From the words straight out of a country song, Let them be little,  should be our motto as parents. Alyssa has her first loose tooth! There will never be another first loose tooth for her. She is growing up way to fast. Easton is out growing his clothes so fast he looks like he is wearing capris, and for a boy that is not cool! Or so I've been told! Have you ever stopped to think how fast time flies? I mean didn't I just take my Christmas tree down!! Wasn't my baby girl small enough to fit in my lap? Life is short hasn't ever really meant much to me, until recently when I lost my grandmother. All the years I spent with her, loving her, hugging her, talking to her, just being with her, are over. When did I have that last hug? That last I love you? Or see the last smile on her face? Then more recently Brad having his wreck, totaling our vehicle, has once again allowed me to realize he could have been gone. From the injuries to his spine and neck, one wrong move before the helicopter arrived could have killed him.

Too many parents these days seem to rush their children to grow up. Telling them ,"Don't be so childish! Grow up! Quit acting like a baby! Seriously, why rush them? I know we want to raise independent, educated, offspring, but will you remember that first loose tooth and wish you could go back for just a second and see it in your child's little mouth full of baby teeth. Will you remember the last time you brushed those little baby teeth and wish you could again? Or the last time they came and crawled into bed with you just because. They have all their life to be grown up, but childhood is such a short trip. Help them with their hair, and their clothes, and their baths as long as you can. Cherish those moments, because all to soon they are gone. Lots of parents will say they wish! But years from now ask them again. I bet their response will be different. Alyssa has an imaginary daughter. Not friend, daughter. Her name is Fifi. She likes pink and purple, and wants to be a doctor when she grows up. All donations to her college fund are welcome!! Easton loves to play basketball, has  enough energy to run a solar panel, and still loves pizza! These are just a very few things I always want to remember. They fight like cats and dogs, but would take on an army to save each other.

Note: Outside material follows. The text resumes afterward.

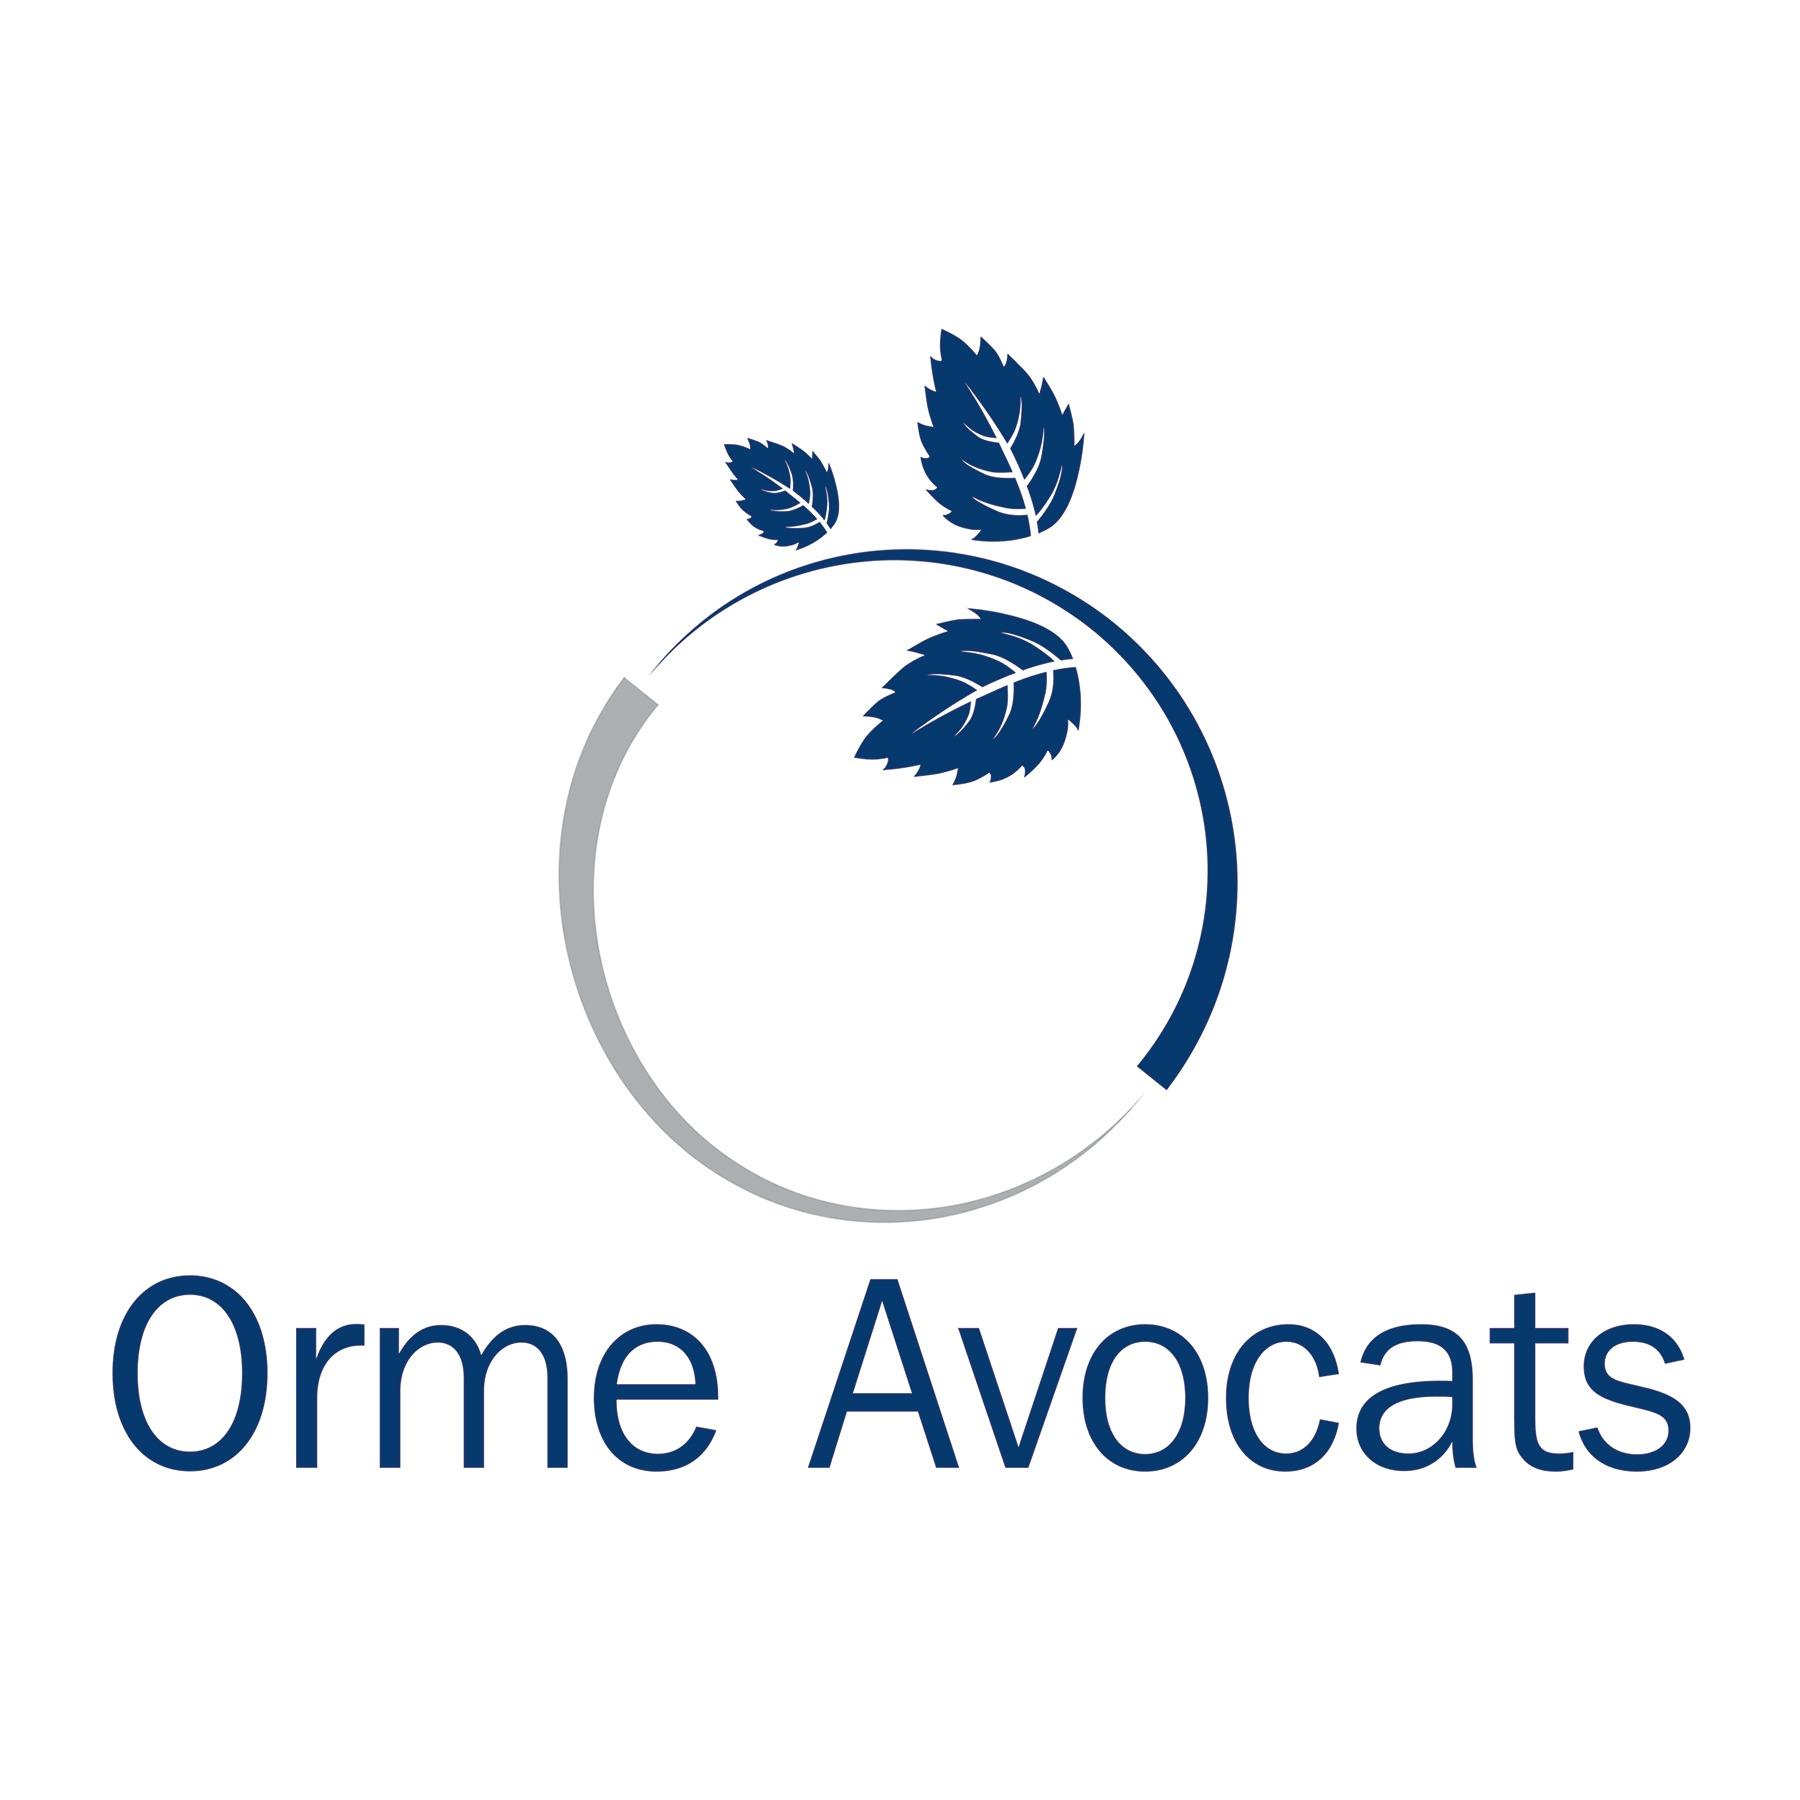 the Orme Avocats logo.

Alyssa is teaching me patience. Patience to take the time and smell the roses. Patience to enjoy reading her a bedtime story every night. Patience to help her walk to the van in order to help her build the strength she needs to hopefully walk independately one day. Because of this new learned skill, I have come to realize I can wait for my babies to grow up. I can wait for them to be able to blow dry their hair without my help, or brush their teeth alone. The toys that lay scattered throughout our entire home aren't forever. One day their rooms will not be occupied with Barbie dolls and stuff animals. I've heard the saying empty nest syndrome, and I want to make sure that I can feel completely at peace with knowing that I cherished each moment with them. That I did not rush them out of my life, because right now they ARE my life!

Tuesday, October 27, 2015

Time does not stand still

Time does not stand still


I know it has been a REALLY long time since I posted. Reading back over my past posts made me realize I should post more often because it helps me to remember the small things I have forgotten. Alyssa is amazing! Easton is great! He is into basketball. She is into anything brother likes. She is 5 and has not had to have a shunt revision since Sept. 2011! Praise Jesus! Lots of things have changed in the last couple years. It's funny how we don't know the future, but suddenly realize it has crept upon us like dust on a hardwood floor. My little dog, Rowdy, who was like a third child, passed away on May 8th 2014. He was 16 years old. Easton took it so hard. Rowdy has always been in his life. Then just a few short weeks later the woman that meant everything to me died. My grandmother passed away on June 4th, 2014 after struggling for two weeks from a massive stroke. I was here at home and about 12:30 am I had a sudden urge to call her, but opted not to in fear I might wake her. She had been so tired and worn out from driving granddaddy to and from Tupelo twice a week for wound care on his legs. I had told them before they started this that I feared it wasn't a good idea. I knew it would be too much on them. Well, now I think about it every day. If I had just called her would things be different? Would she still be here? I can't answer these questions and may never know them, but I do know God is in control and have to leave it at that. It was extremely hard for Easton. I think more so than for me. A child loves so deeply the ones that care for them. He don't let it show, but as a mom I can tell.
Alyssa is doing really well with her school work. I decided to homeschool her. She is very smart and capable of learning, but requires a good bit of one on one. It also has to be fun. She learns better through song and experience. We watch a lot of abc songs, number songs, and her favorite chu chu tv shows. We also do lots of fun crafts with our letters. We go to the library every two weeks to get new books. We cook and follow recipes for learning math. She can sing the entire abc song now. She recognizes the Aa,Bb,Cc, Dd, Ee, J, Ll, Oo, Ss, and the Yy. She can write the ABCDELabcdel and Oo. She knows the sound of the ABCDEabcde and Ll. She knows the sight words go, can, is, the, and  is learning see this week. She displays signs of intelligence all the time in the things that she says.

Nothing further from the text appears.